● Source data:

*** Block opens ***

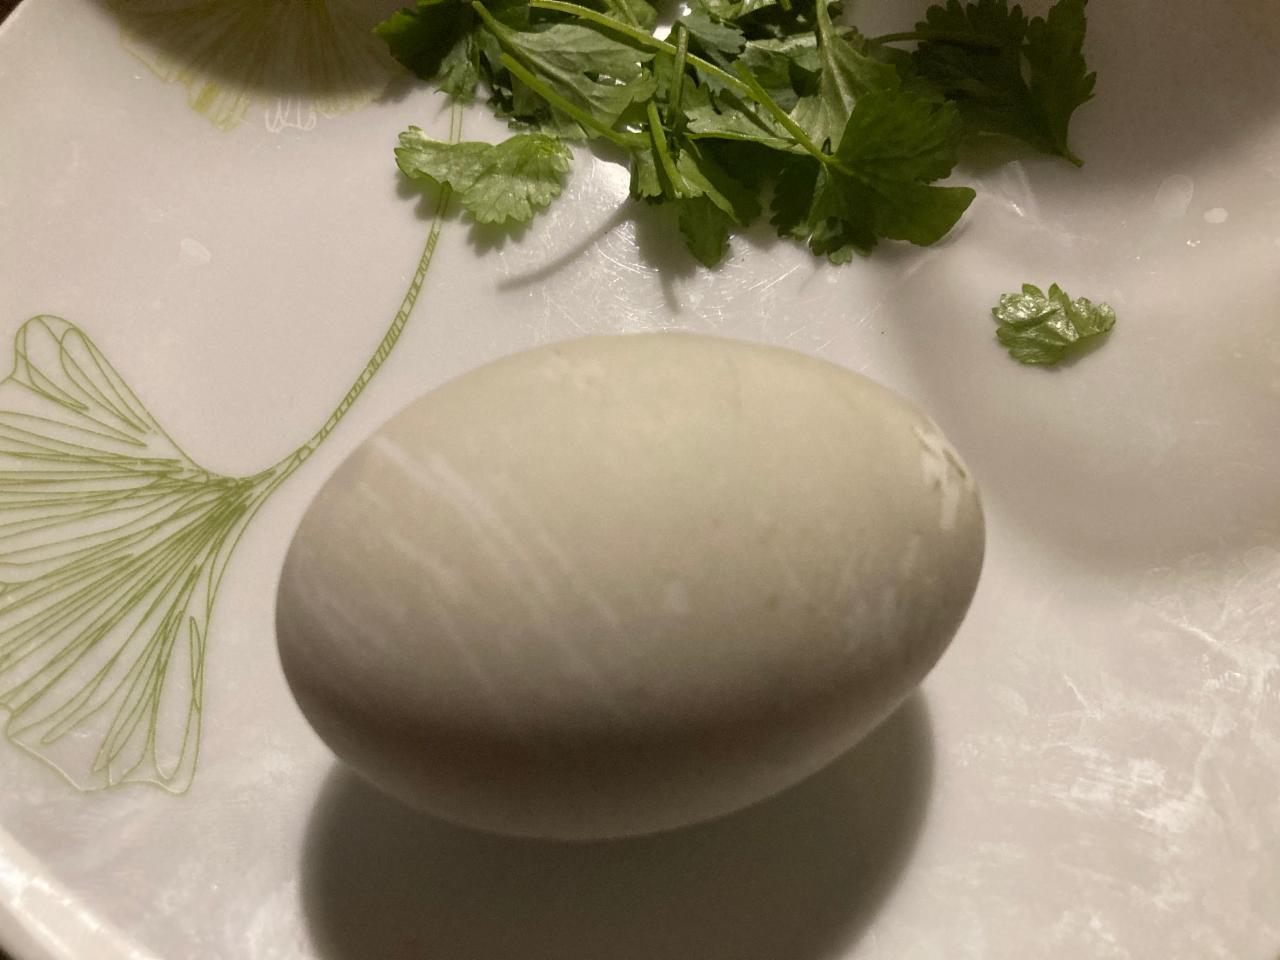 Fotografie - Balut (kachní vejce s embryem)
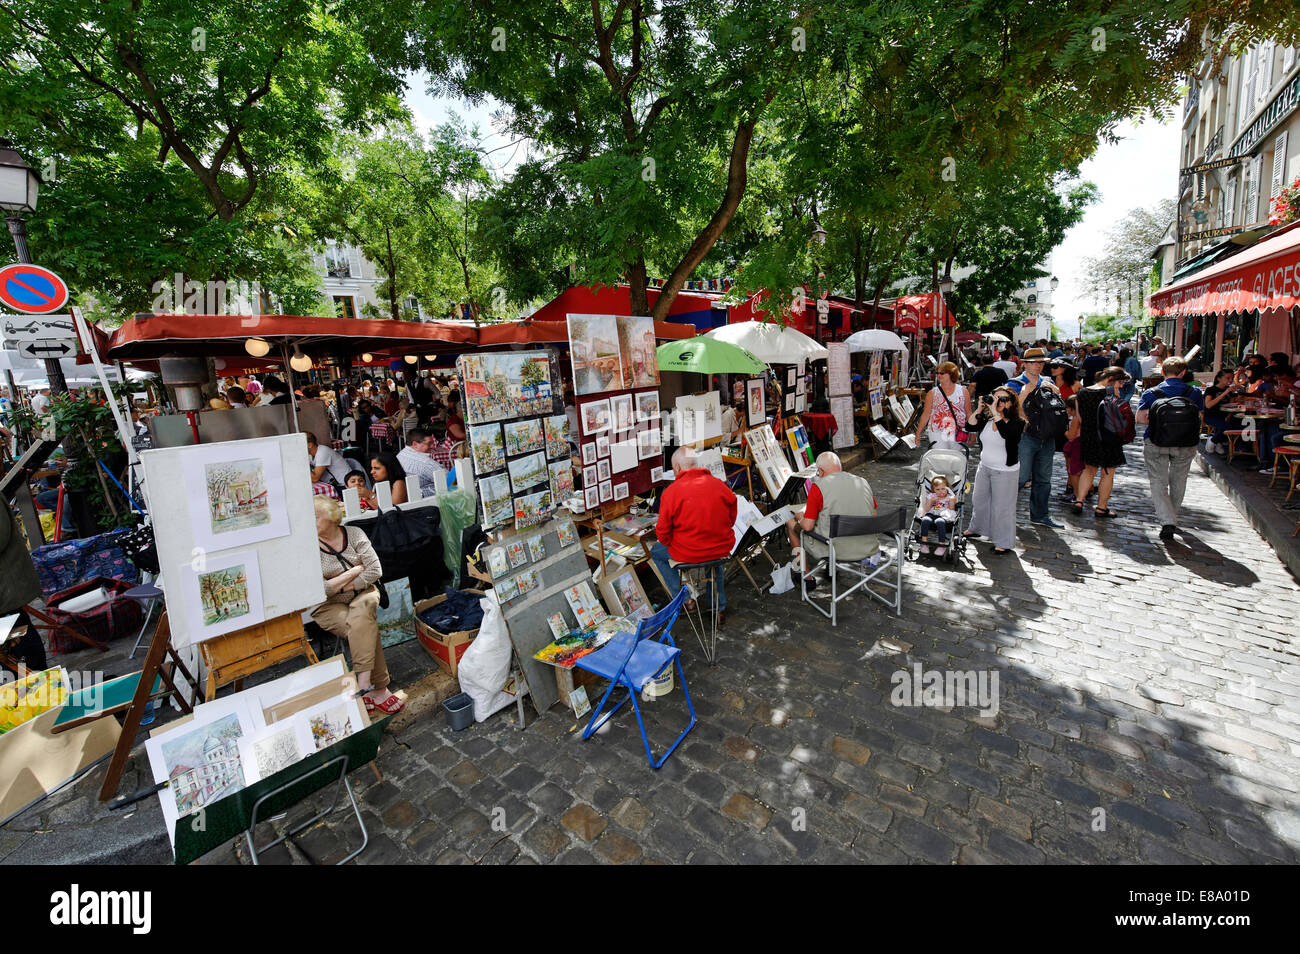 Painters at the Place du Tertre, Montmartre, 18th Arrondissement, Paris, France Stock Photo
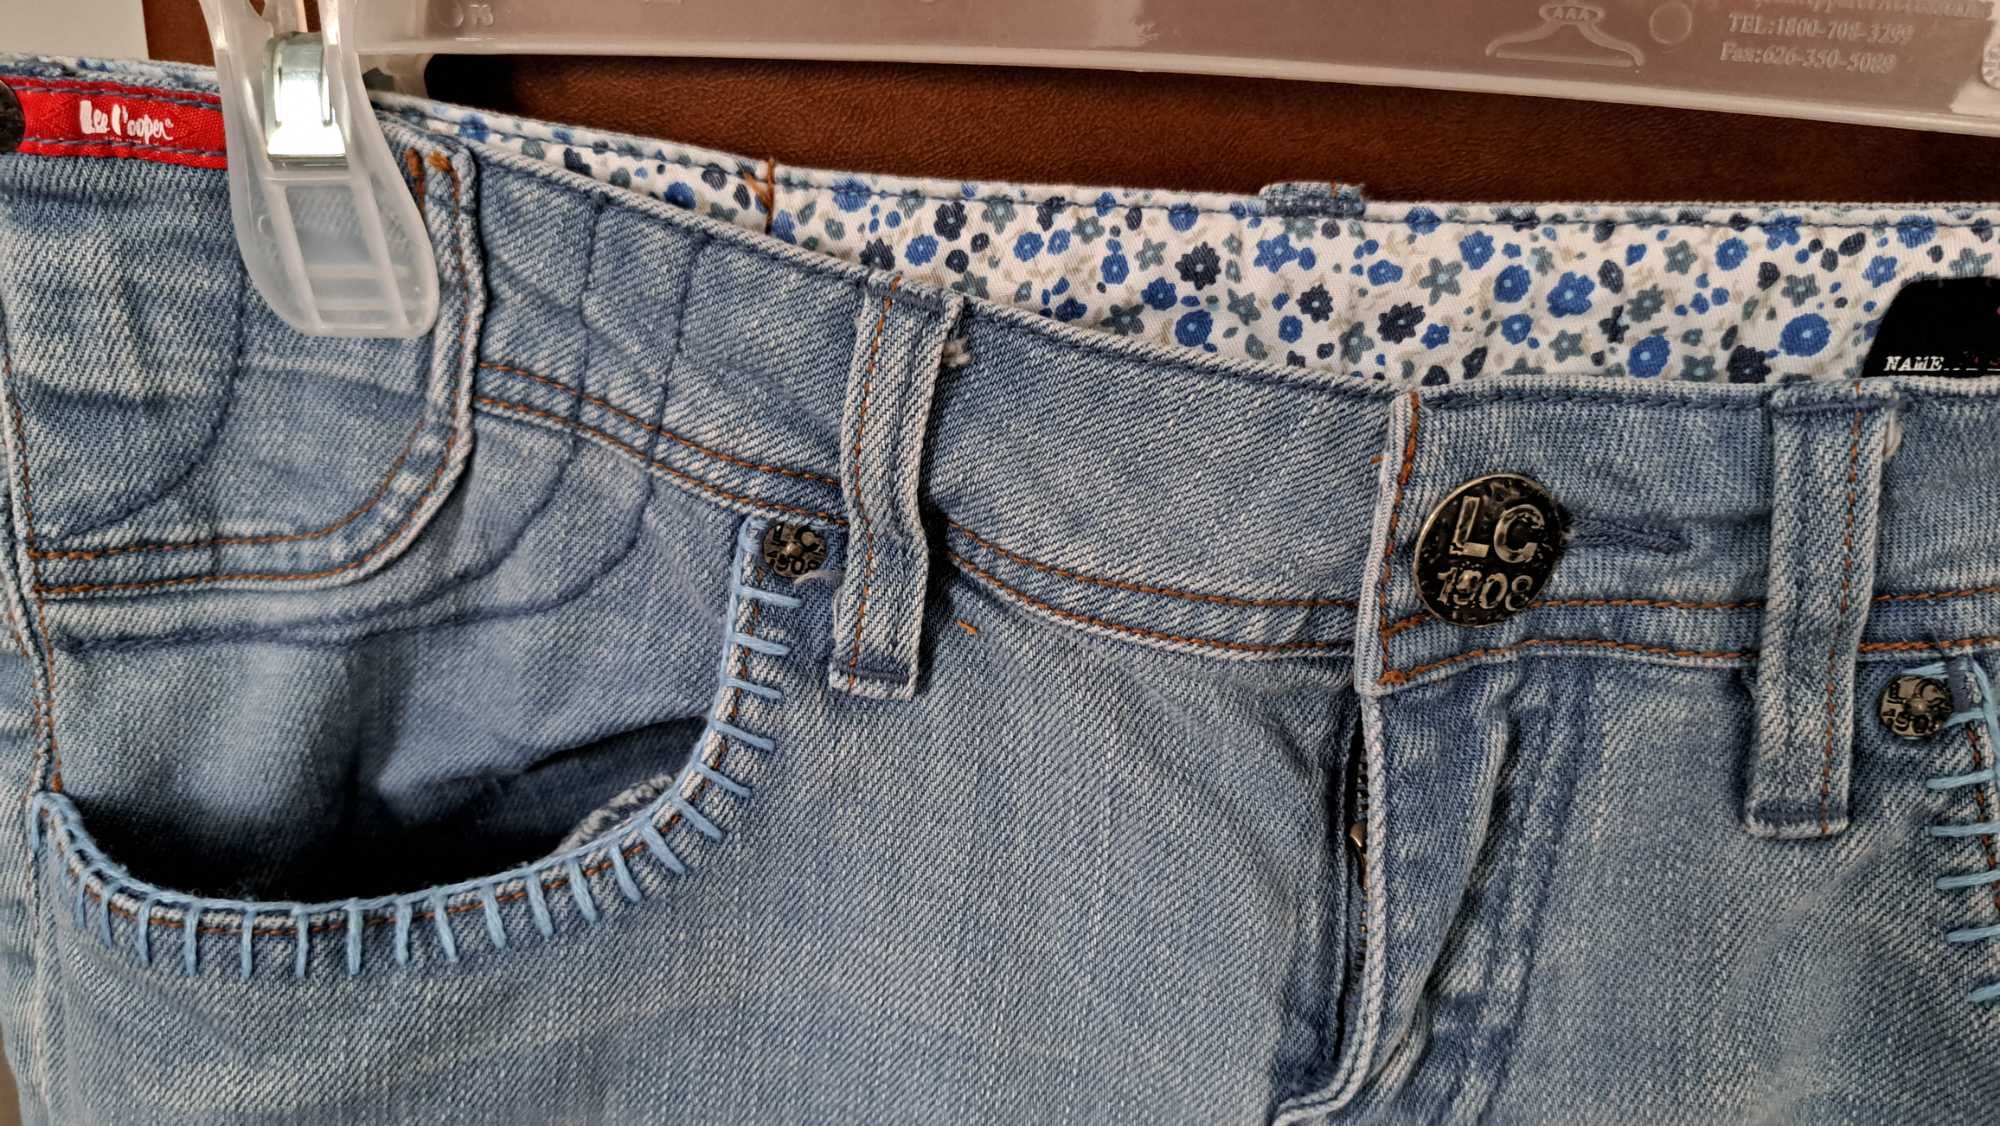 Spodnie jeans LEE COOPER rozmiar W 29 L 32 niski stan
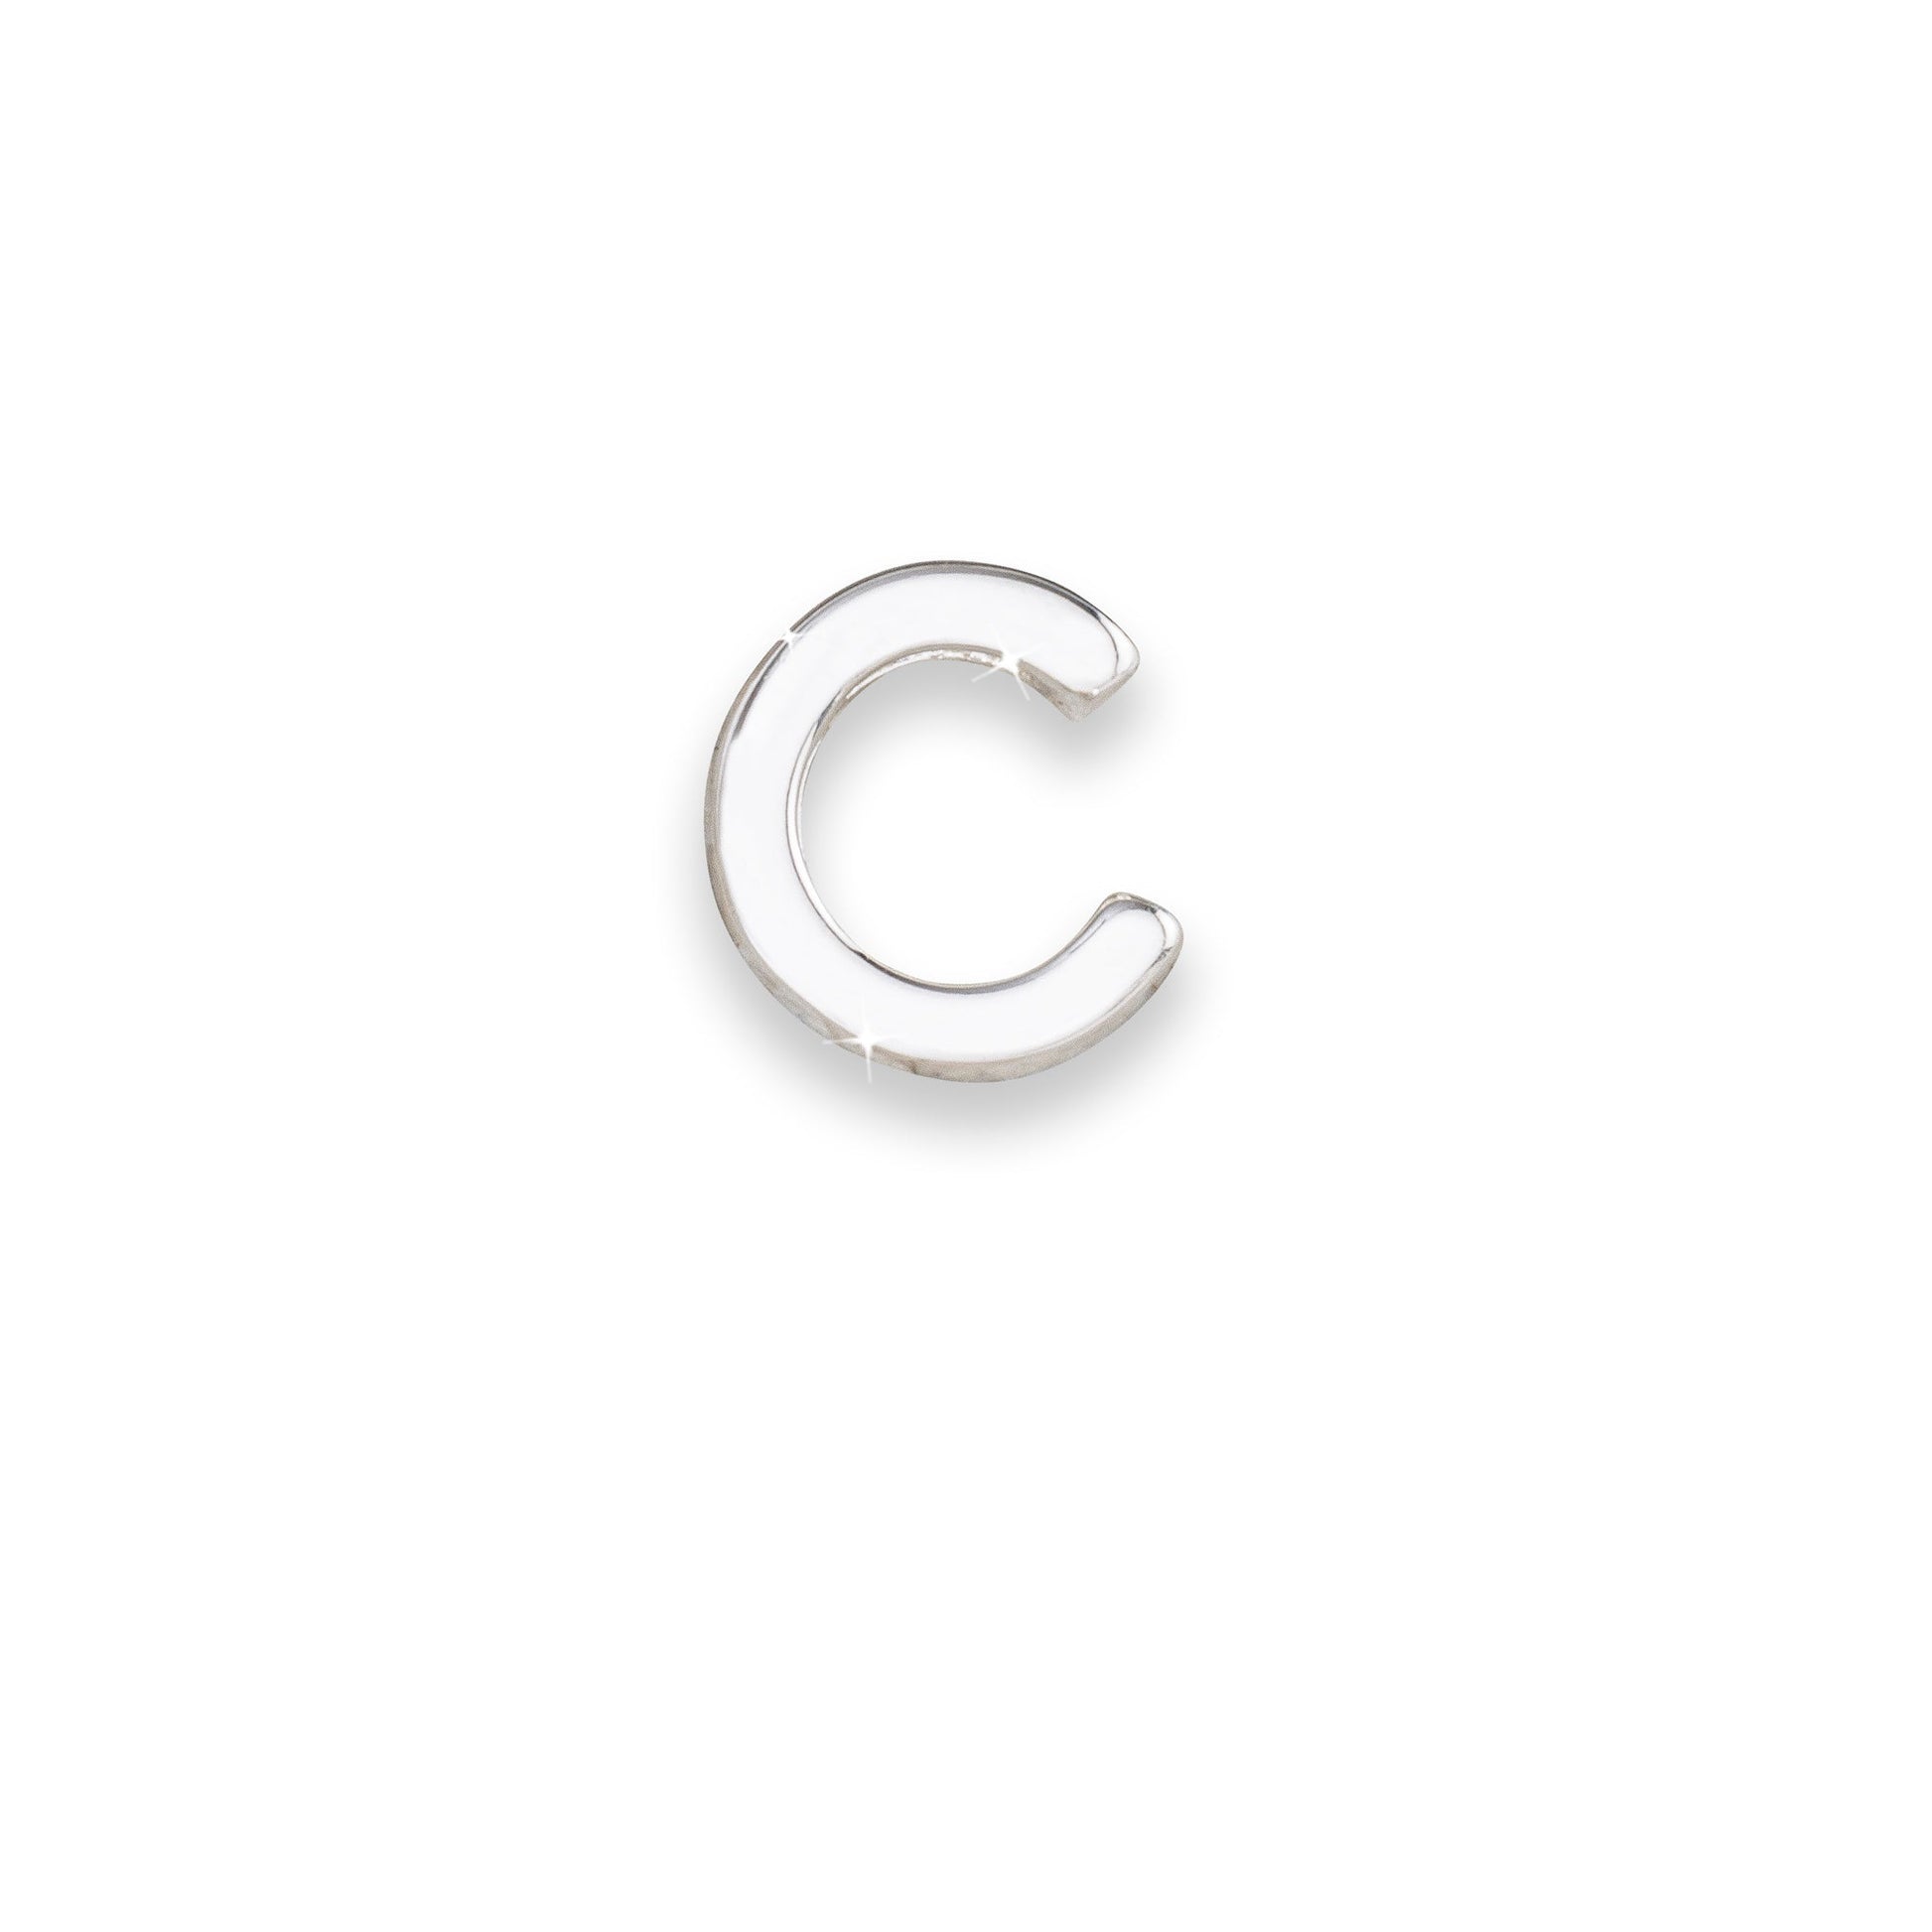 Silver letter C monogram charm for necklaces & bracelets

*** Block closes ***

● Aim of the exercise:
Your reply should be the full data above, copied exactly, with no pictures in it.

● Answer below:
 Fotografie - Balut (kachní vejce s embryem)
 Painters at the Place du Tertre, Montmartre, 18th Arrondissement, Paris, France Stock Photo
 Spodnie jeans LEE COOPER rozmiar W 29 L 32 niski stan
 Silver letter C monogram charm for necklaces & bracelets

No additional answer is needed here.